- ACTIVITY
Shown below is a listing with pictures; reproduce exactly, and only, the lines between the ones containing "Durstiges junges schwarzes" and "Wolverine #130", inclusive, leaving the pictures out.
+++ PROVIDED DATA +++
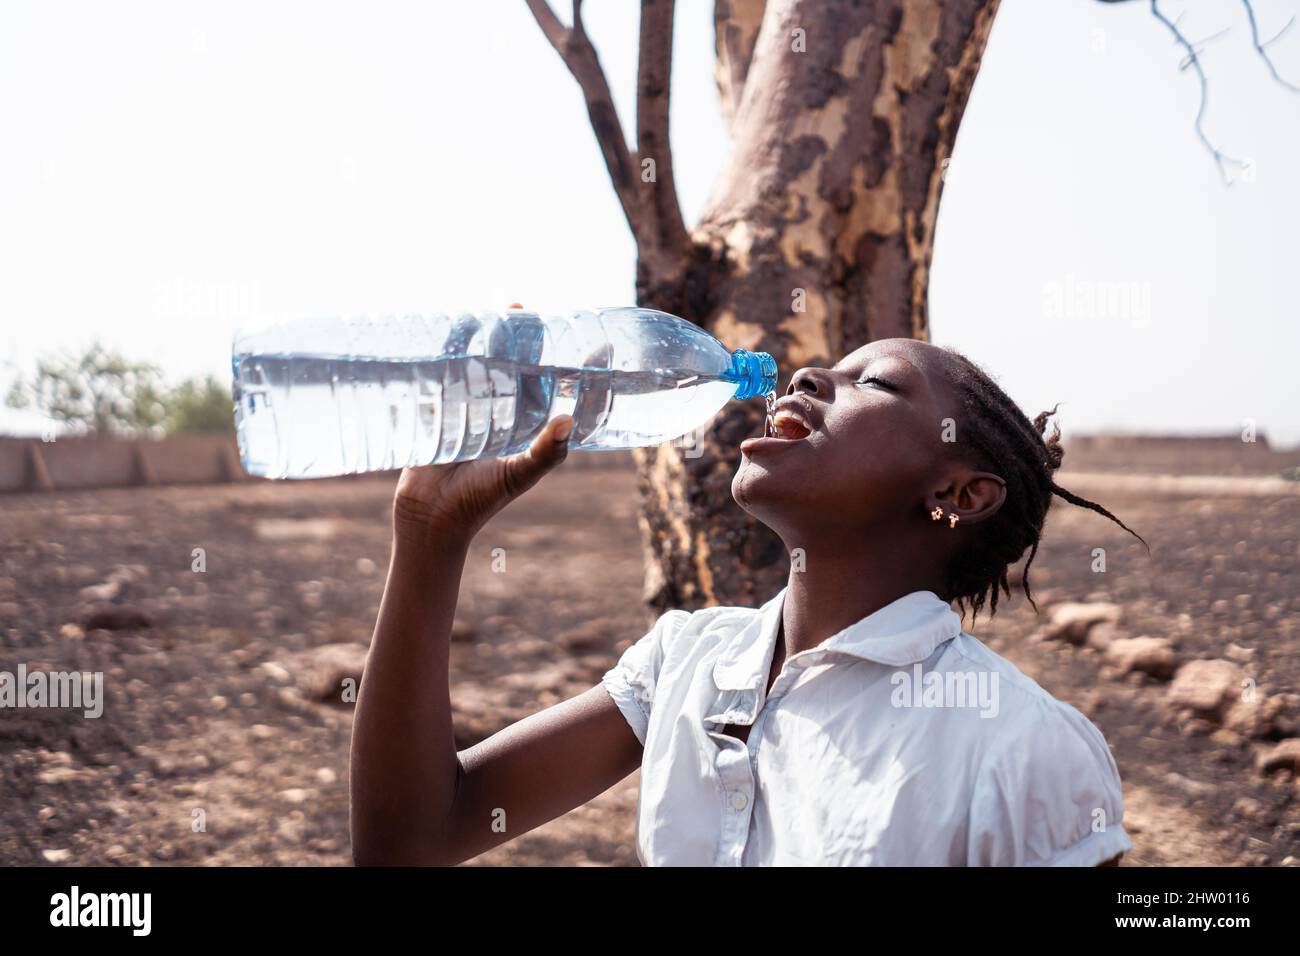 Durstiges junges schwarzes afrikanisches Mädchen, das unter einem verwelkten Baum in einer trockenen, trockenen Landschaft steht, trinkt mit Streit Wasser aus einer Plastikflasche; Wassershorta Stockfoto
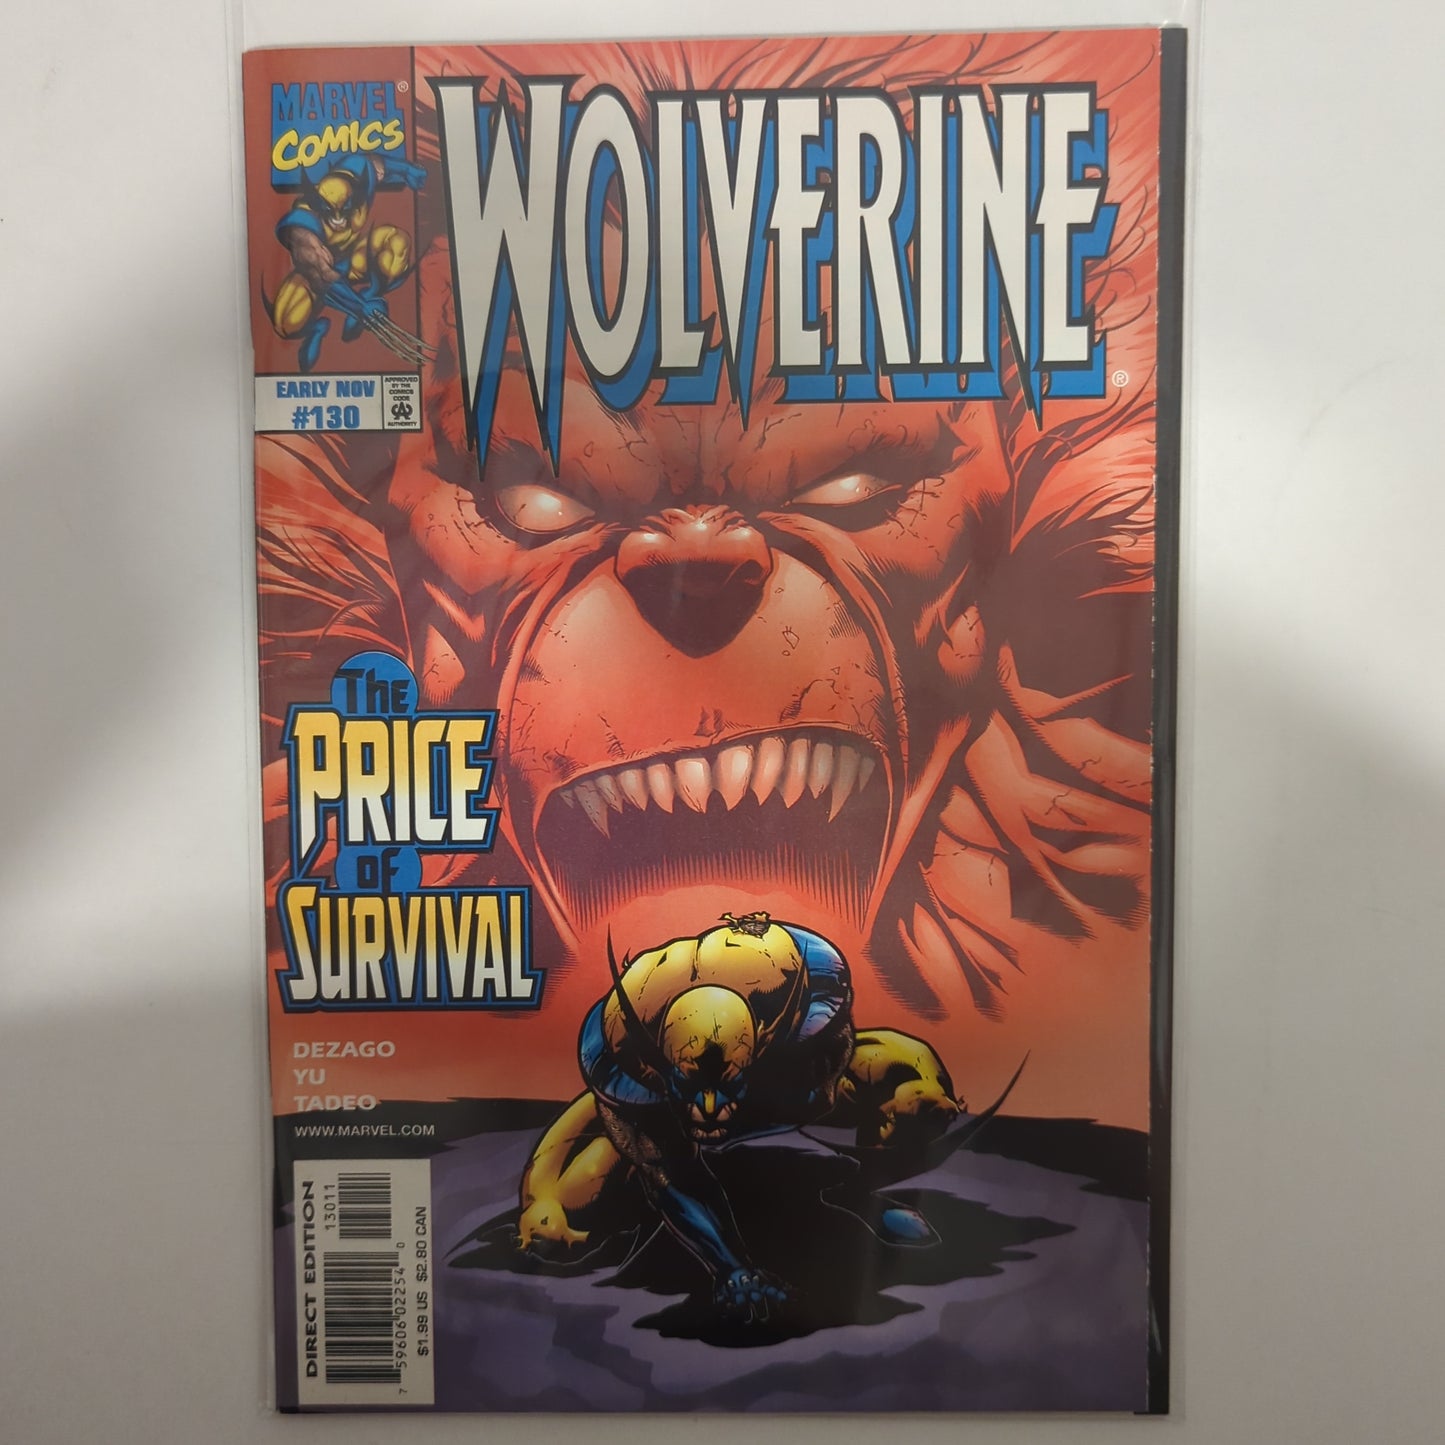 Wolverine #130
+++
+++ PROVIDED DATA +++
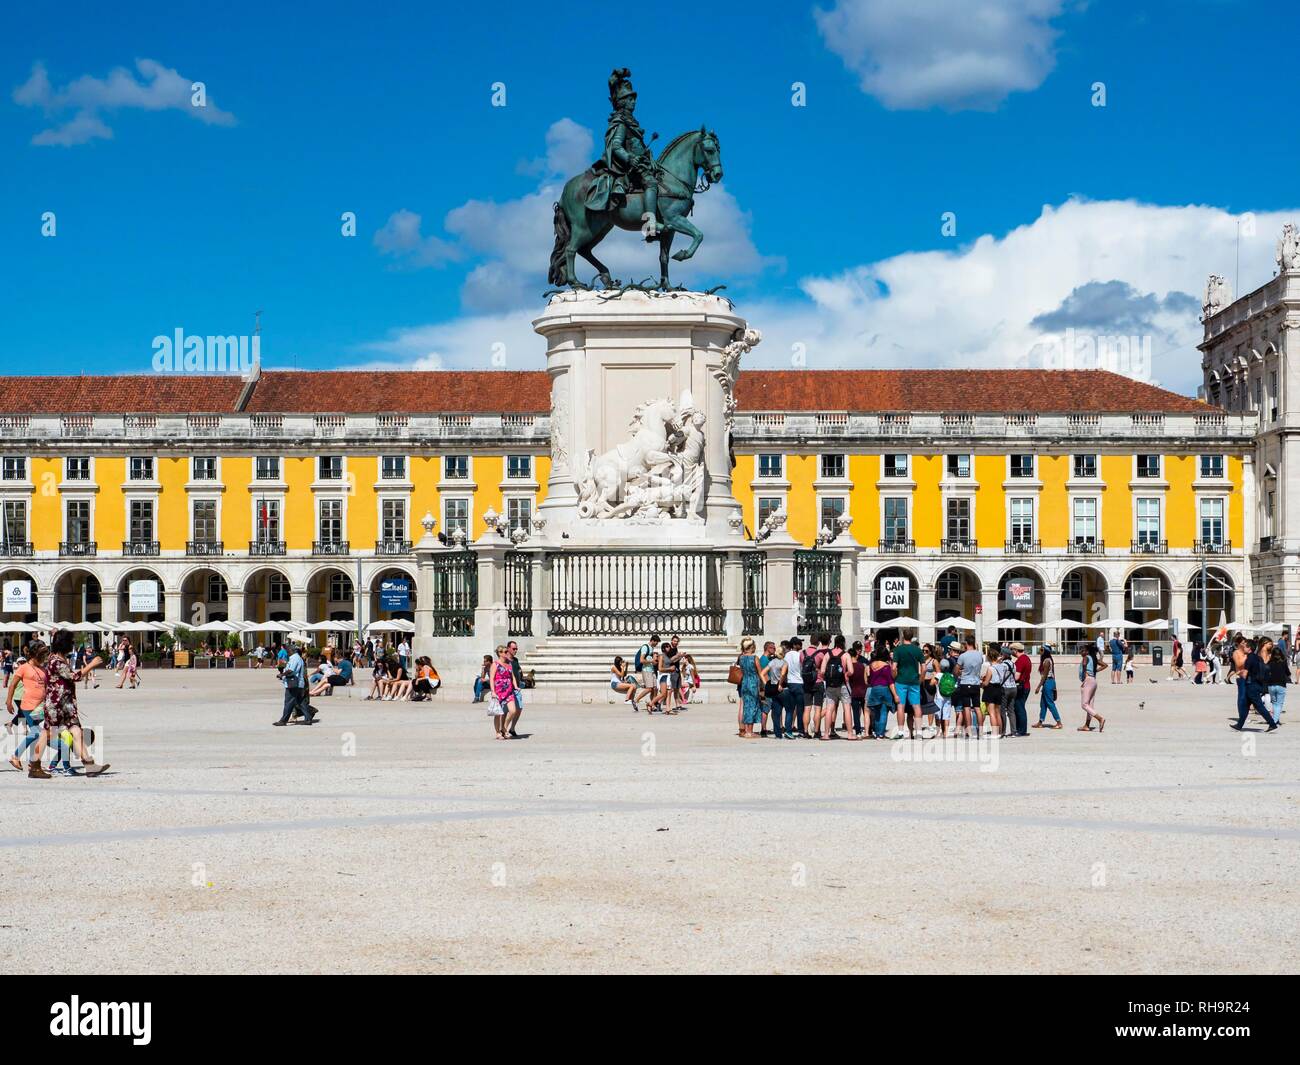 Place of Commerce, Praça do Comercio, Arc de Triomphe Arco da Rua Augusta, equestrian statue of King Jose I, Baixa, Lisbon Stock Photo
+++
- TASK RESPONSE
 Durstiges junges schwarzes afrikanisches Mädchen, das unter einem verwelkten Baum in einer trockenen, trockenen Landschaft steht, trinkt mit Streit Wasser aus einer Plastikflasche; Wassershorta Stockfoto
 Wolverine #130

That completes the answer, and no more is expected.